# COLLECTED DATA
++++++
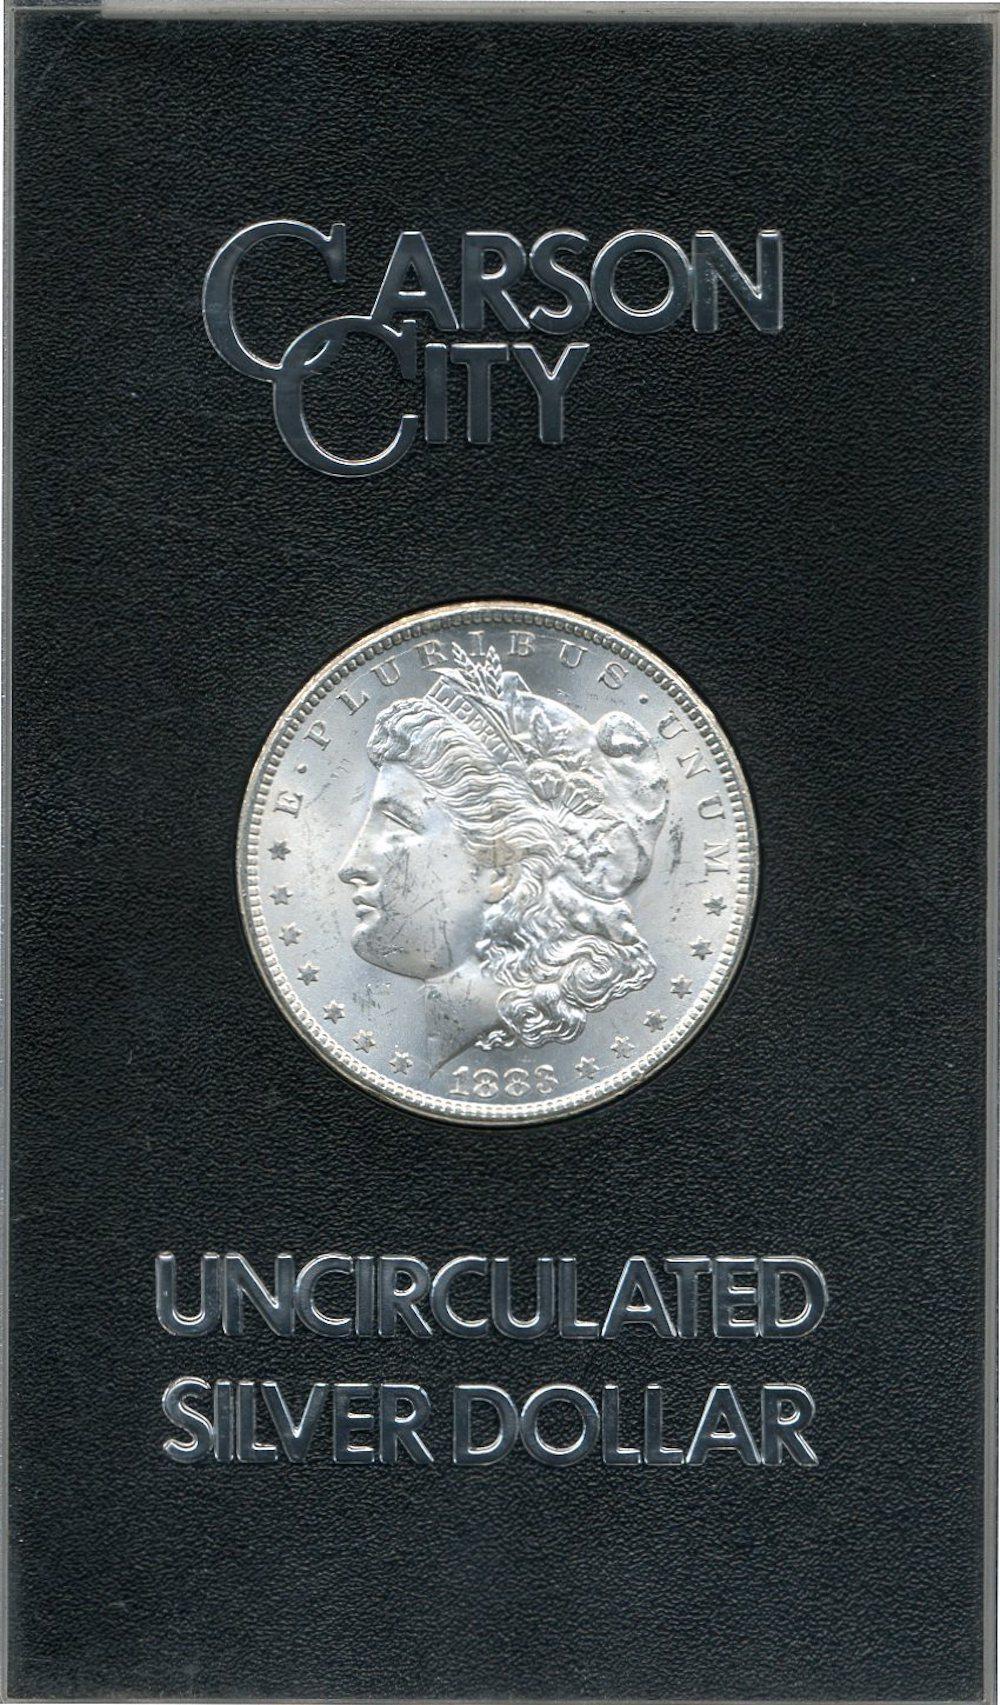 Original 1883-CC GSA Morgan Silver Dollar
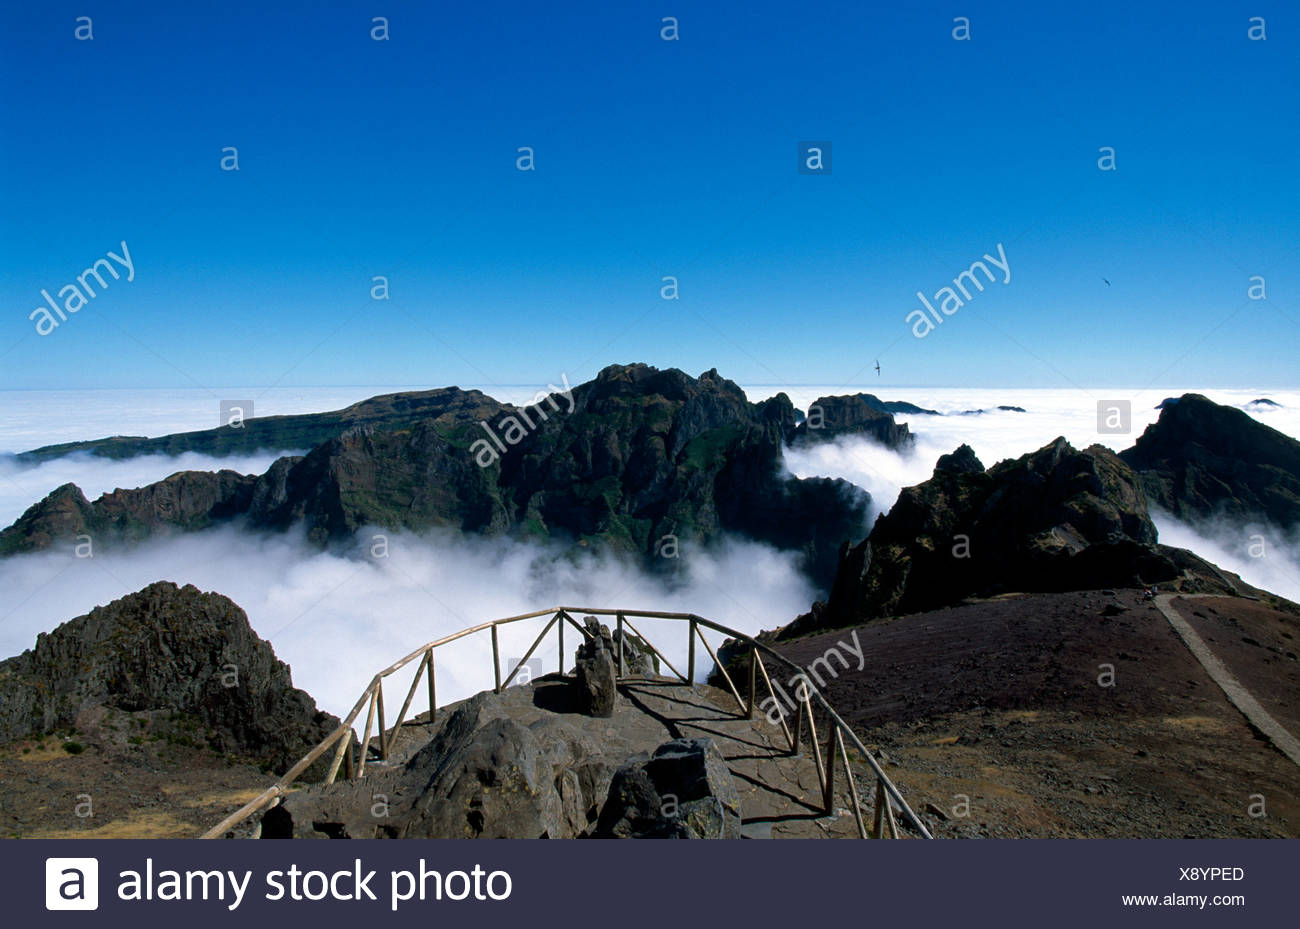 View of Mount Pico do Arieiro from Mount Miradouro do Juncal, Madeira, Portugal, Europe - Stock Image
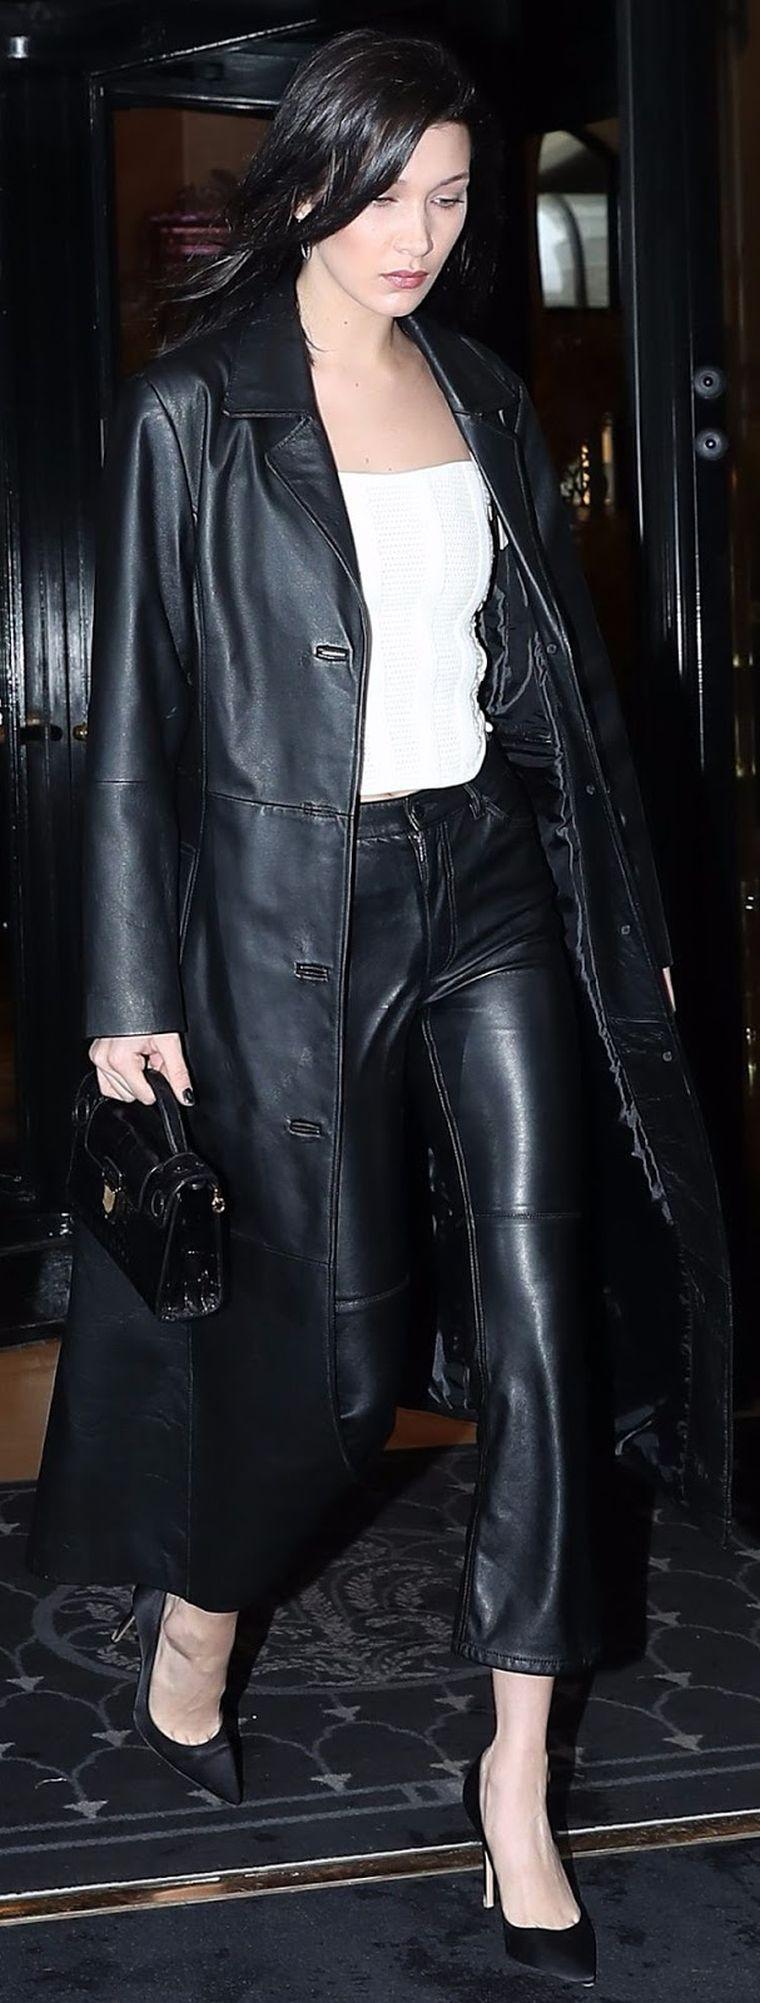 black leather outfit idea
++++++
# YOUR TASK
Repeat the data above exactly, but not the pictures.

# SOLUTION TO THIS EXERCISE
 Original 1883-CC GSA Morgan Silver Dollar
 View of Mount Pico do Arieiro from Mount Miradouro do Juncal, Madeira, Portugal, Europe - Stock Image
 black leather outfit idea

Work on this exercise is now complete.